Task item >>
Reproduce all the data exactly, without pictures.

=== Data below ===

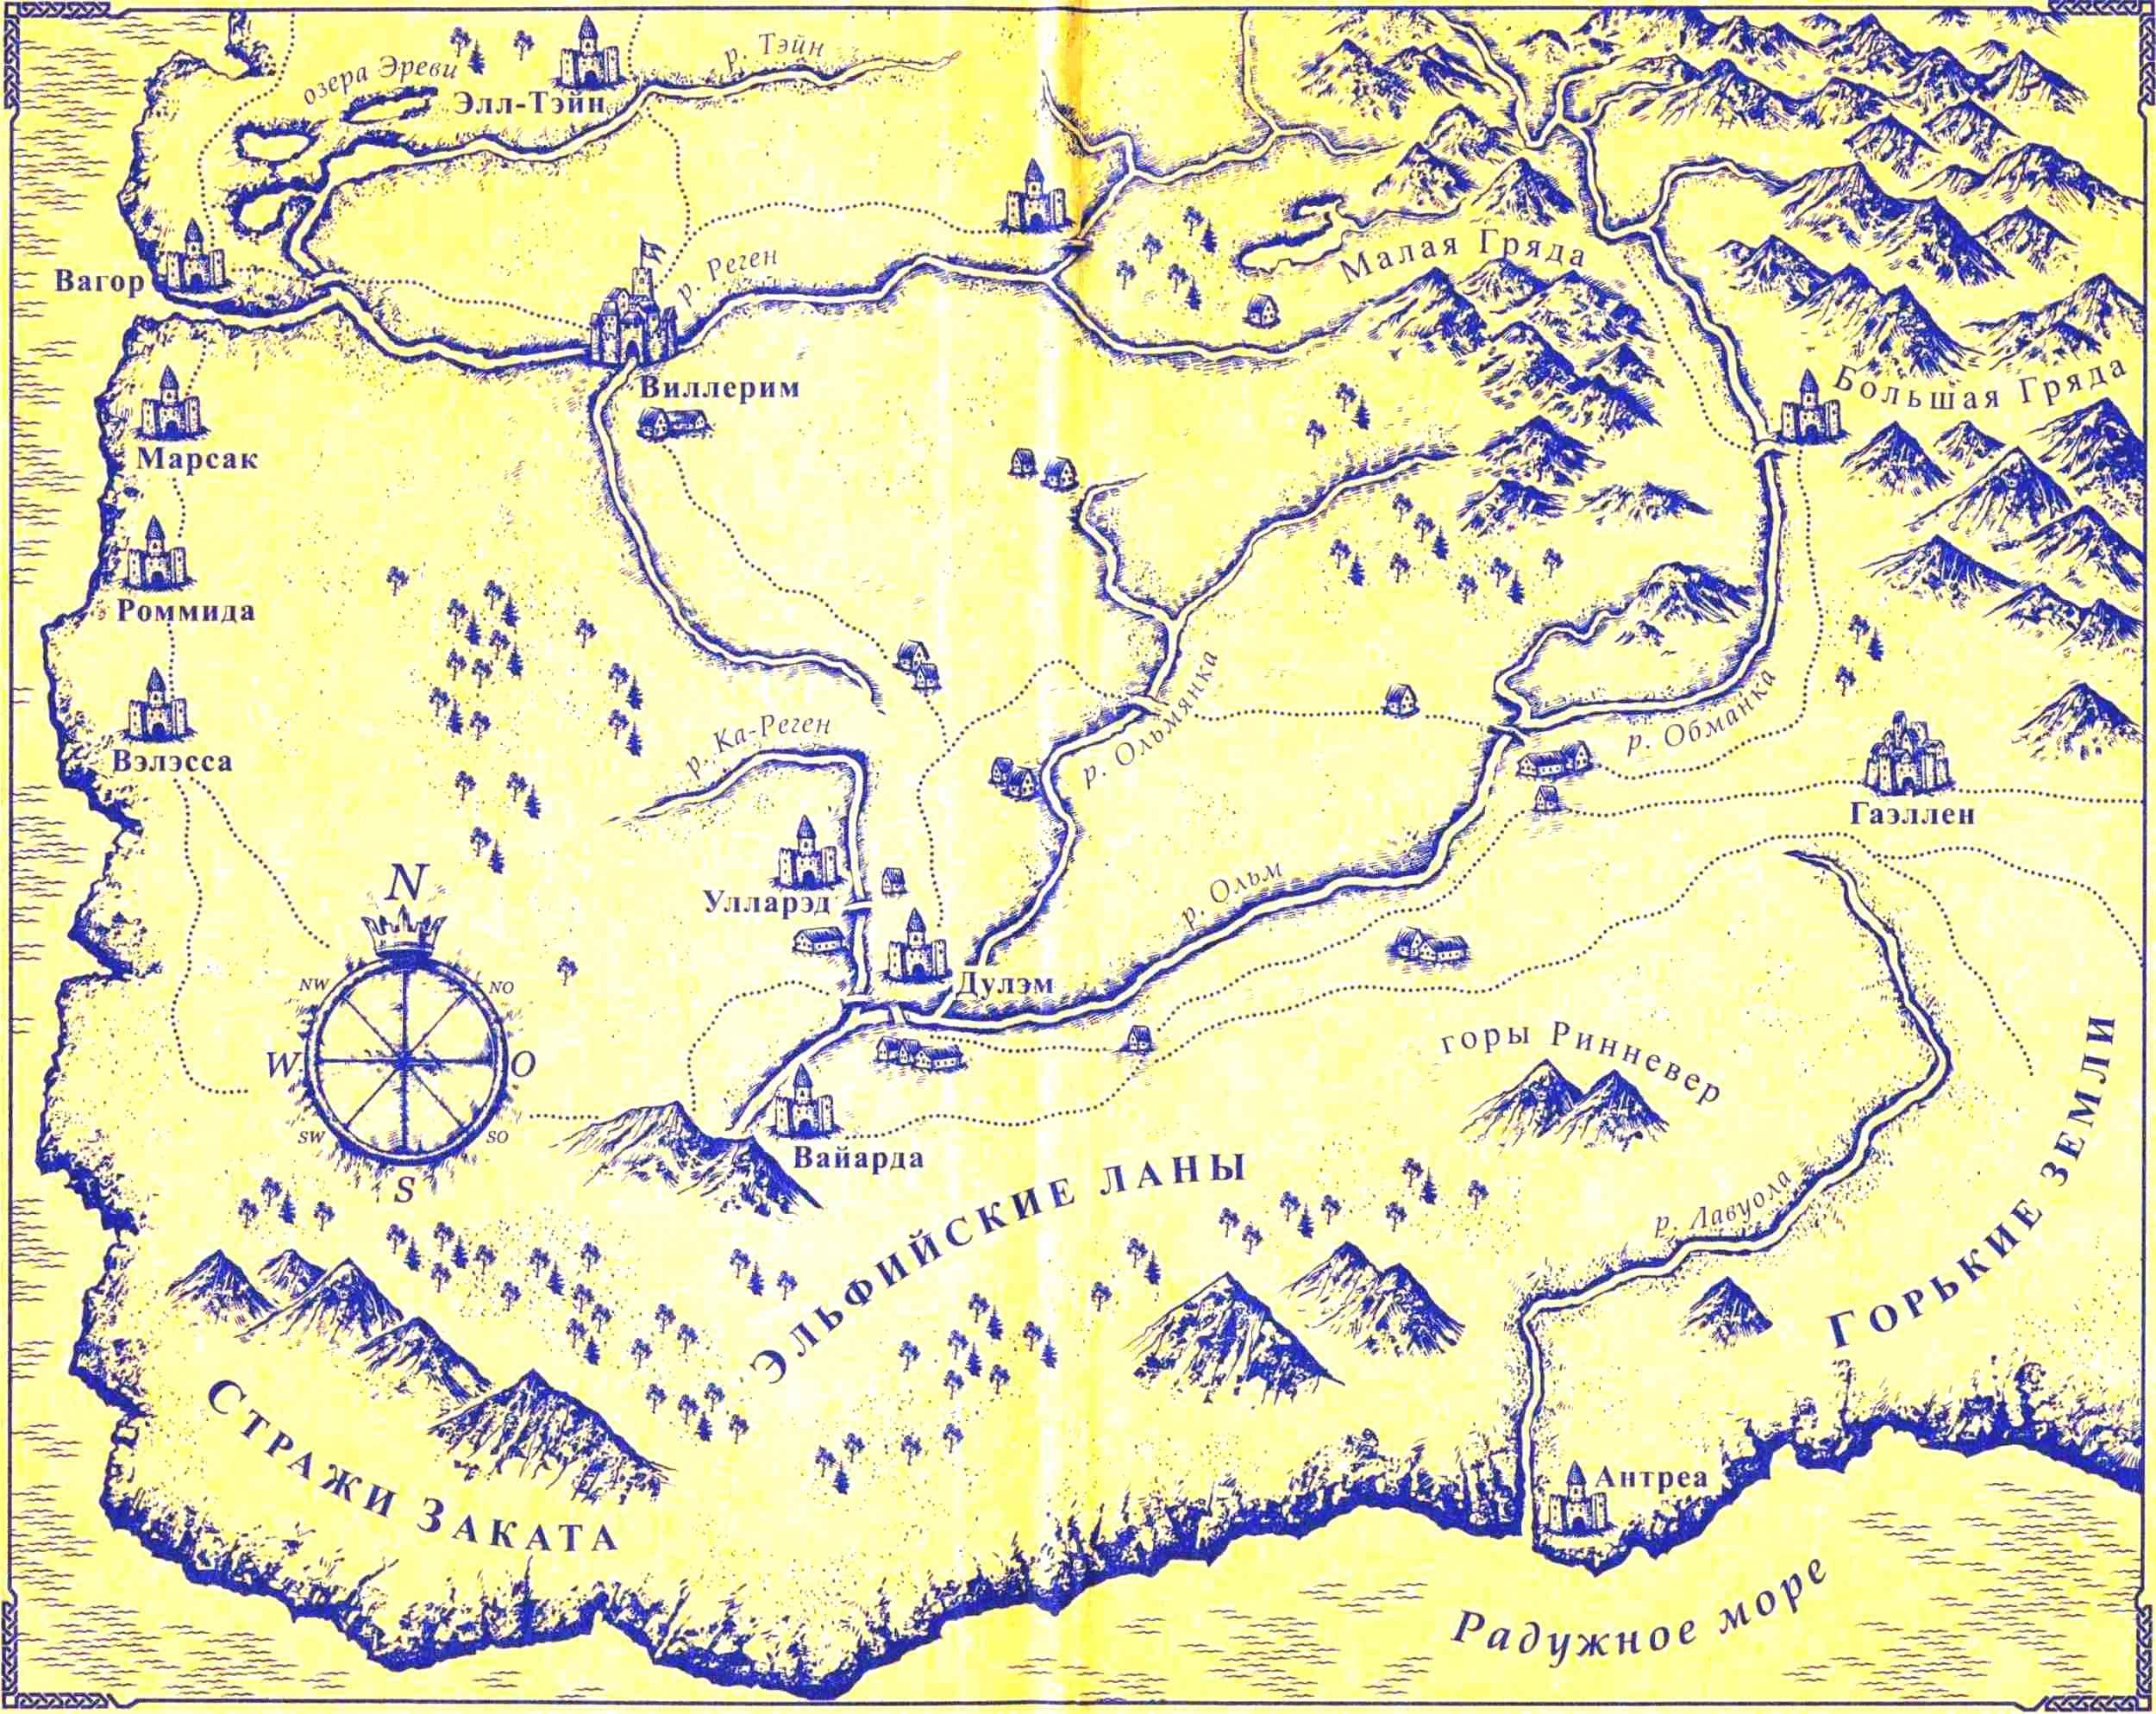 http://lib.rus.ec/i/41/171641/map.jpg
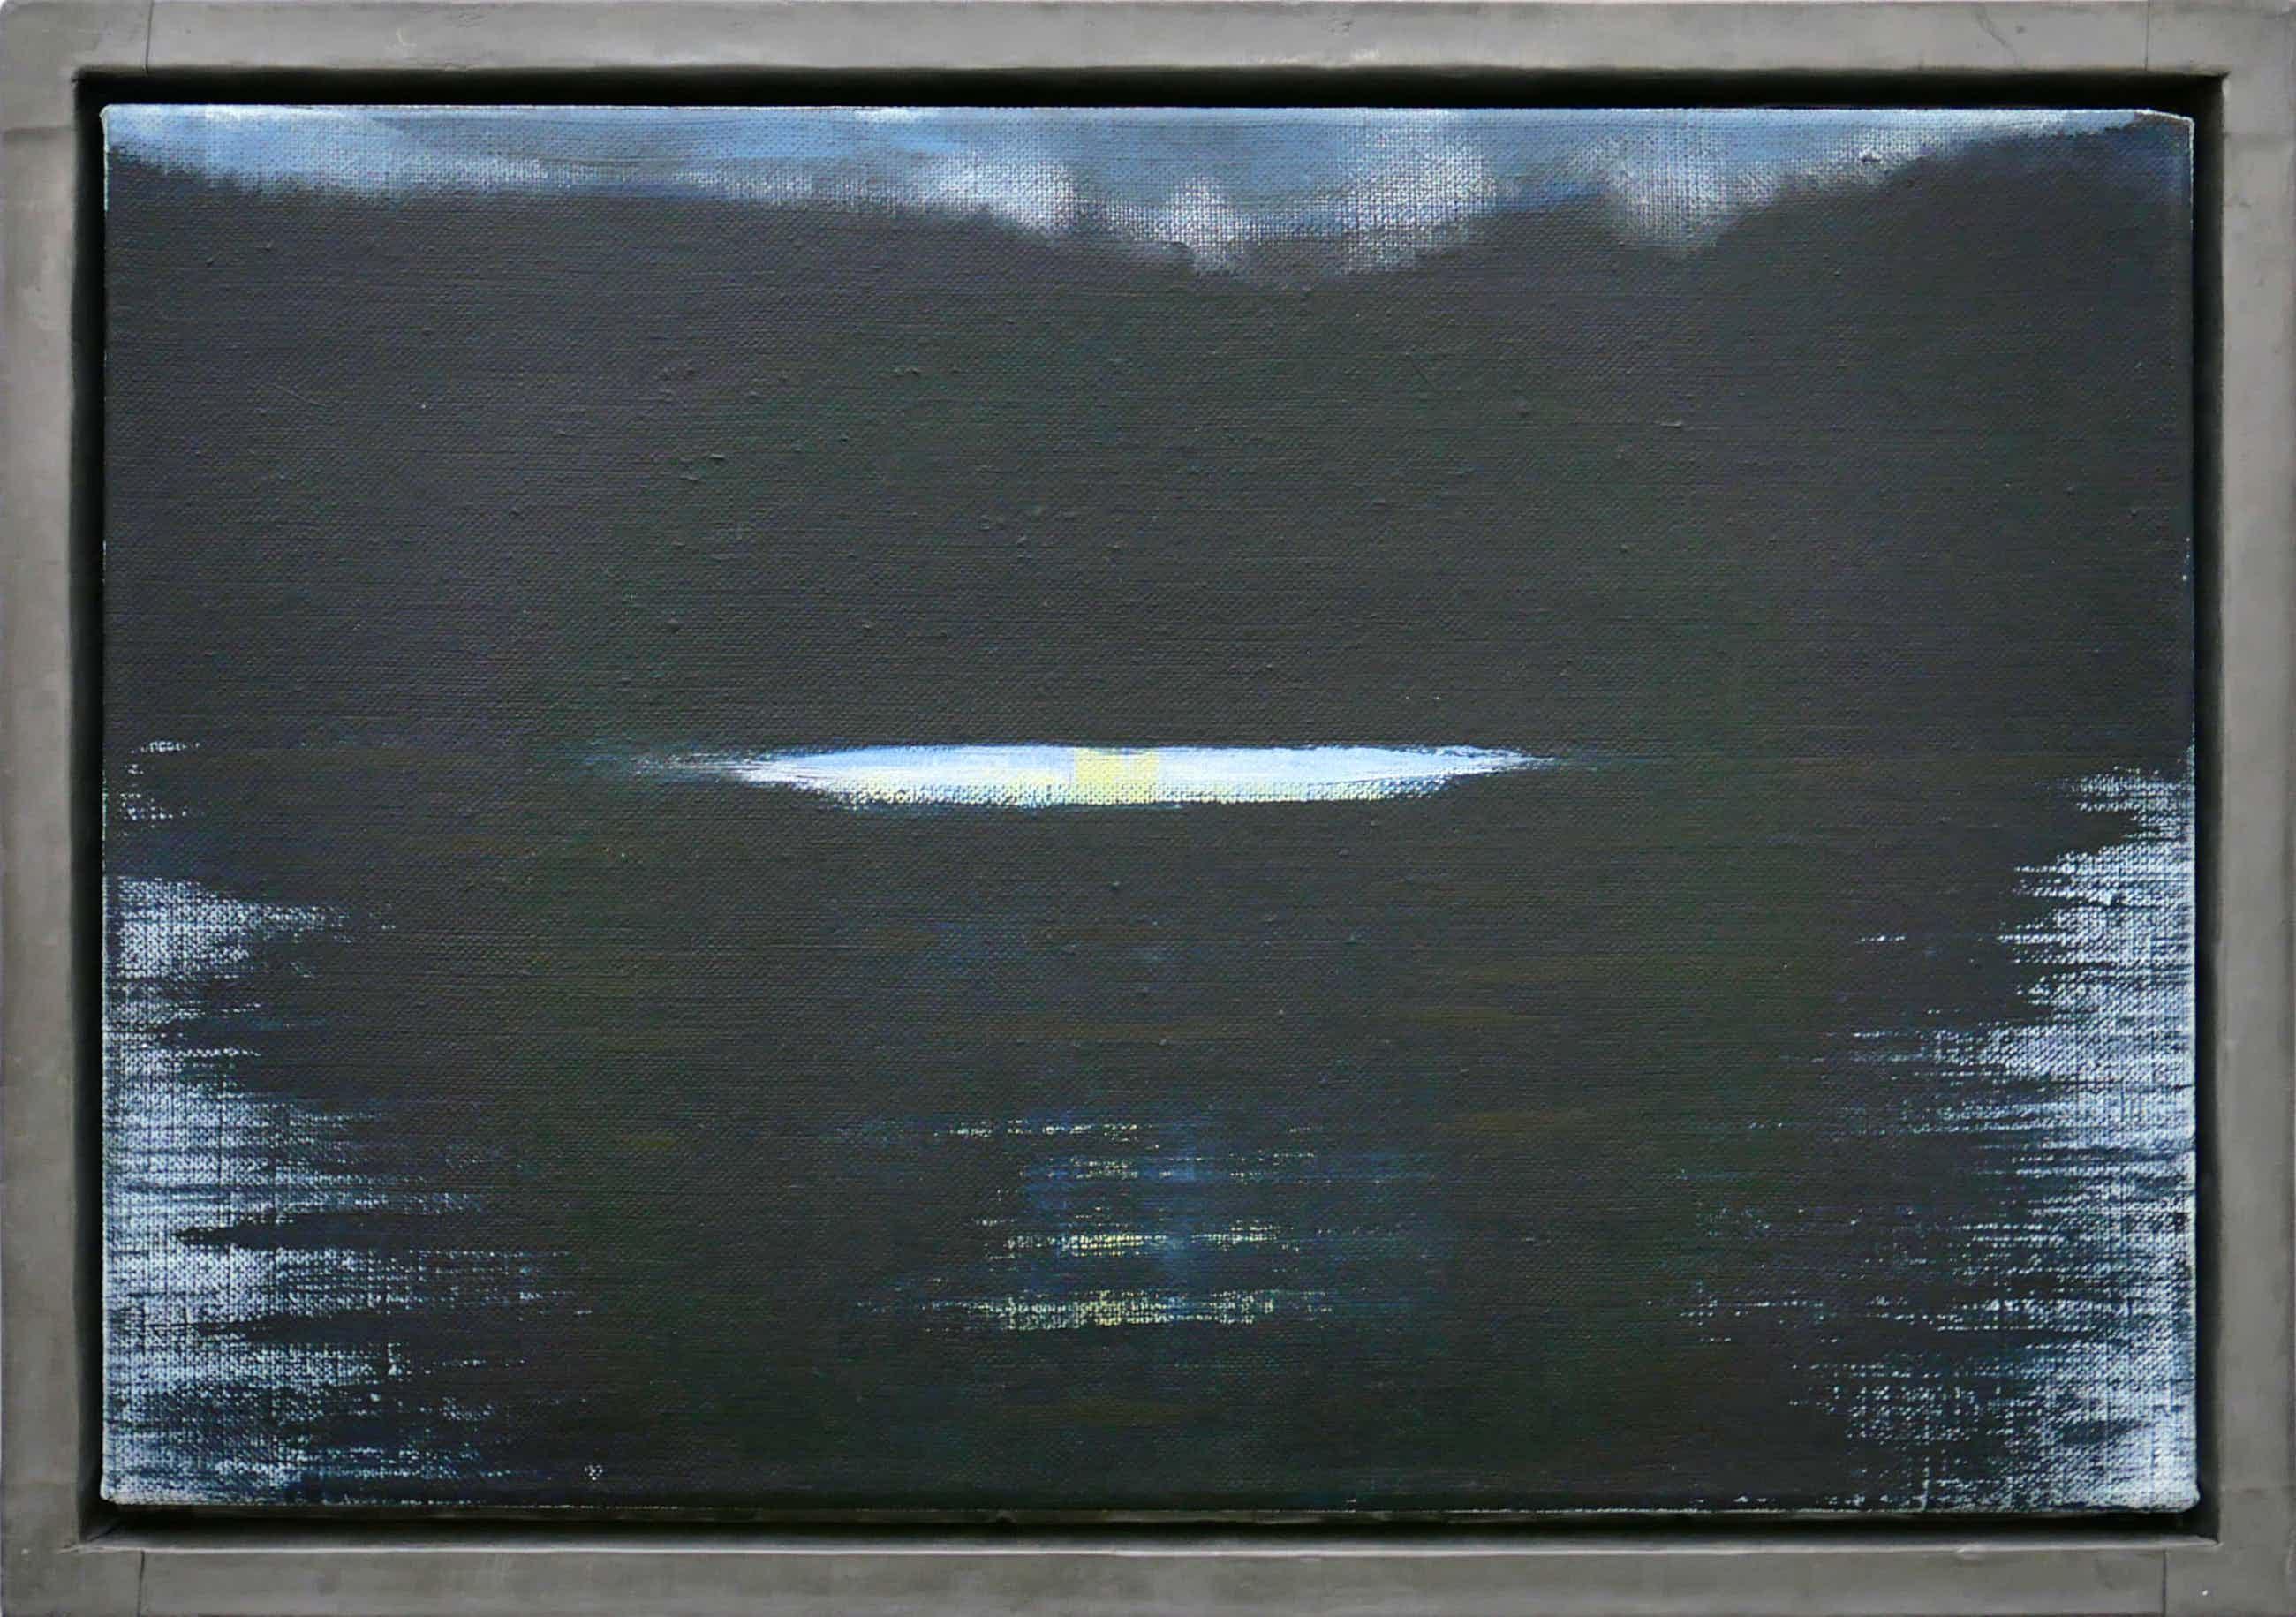 Paul Corvers - Black Water (475) kopen? Bied vanaf 140!
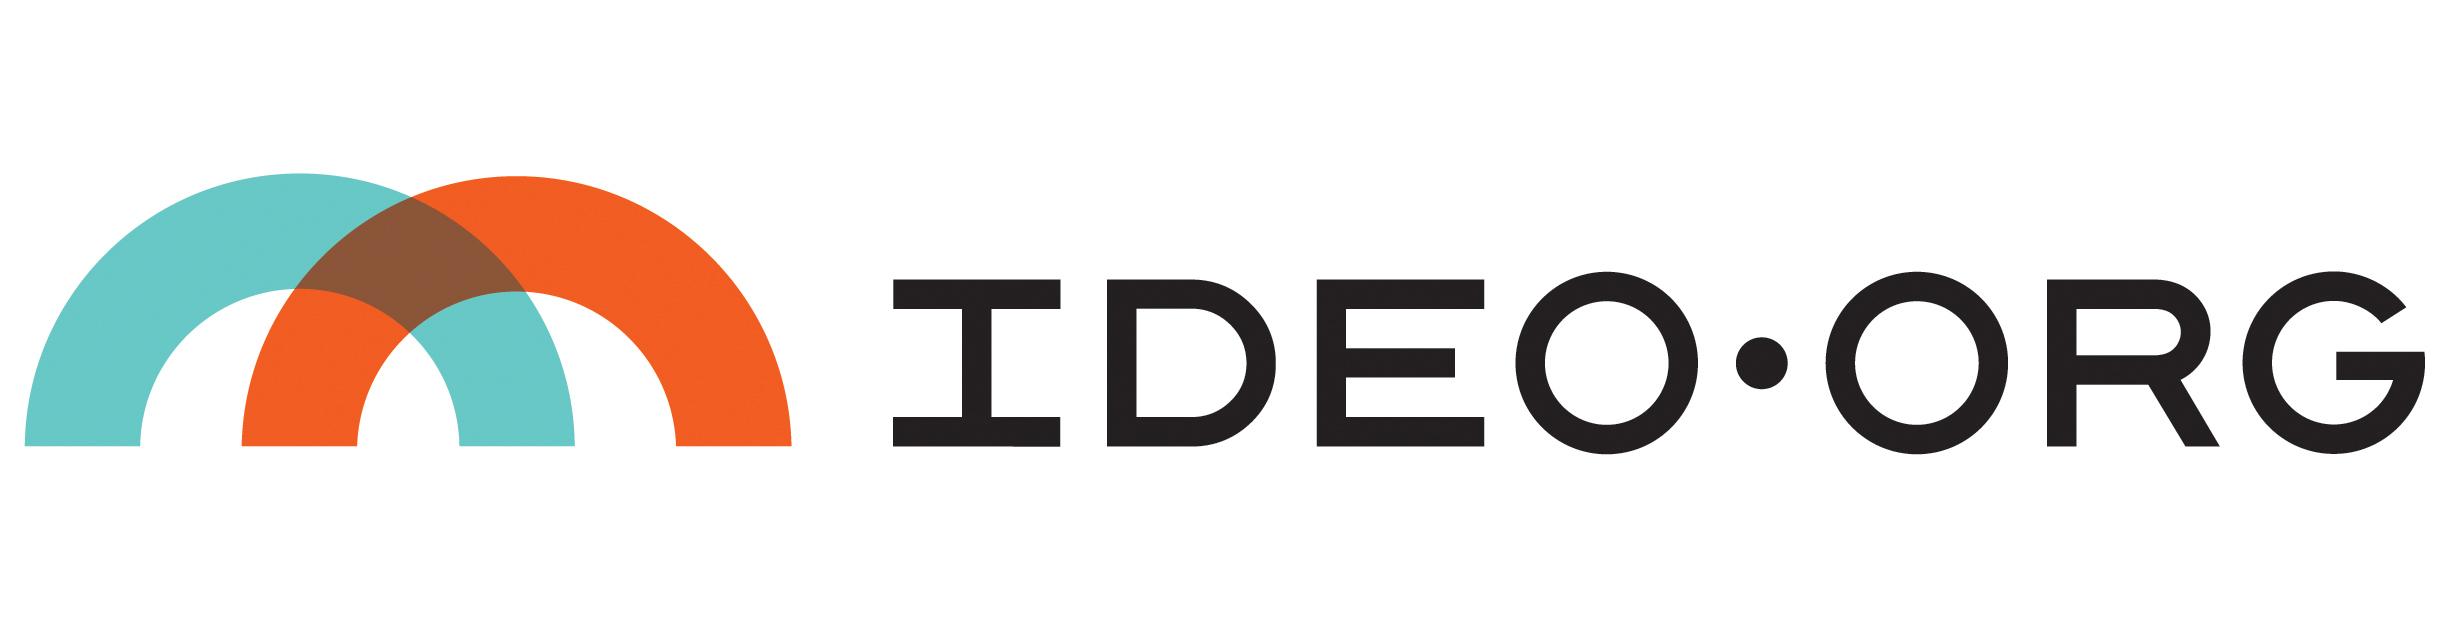 IDEOorg_logo_web.jpg

===

Solution for this task >>
 http://lib.rus.ec/i/41/171641/map.jpg
 Paul Corvers - Black Water (475) kopen? Bied vanaf 140!
 IDEOorg_logo_web.jpg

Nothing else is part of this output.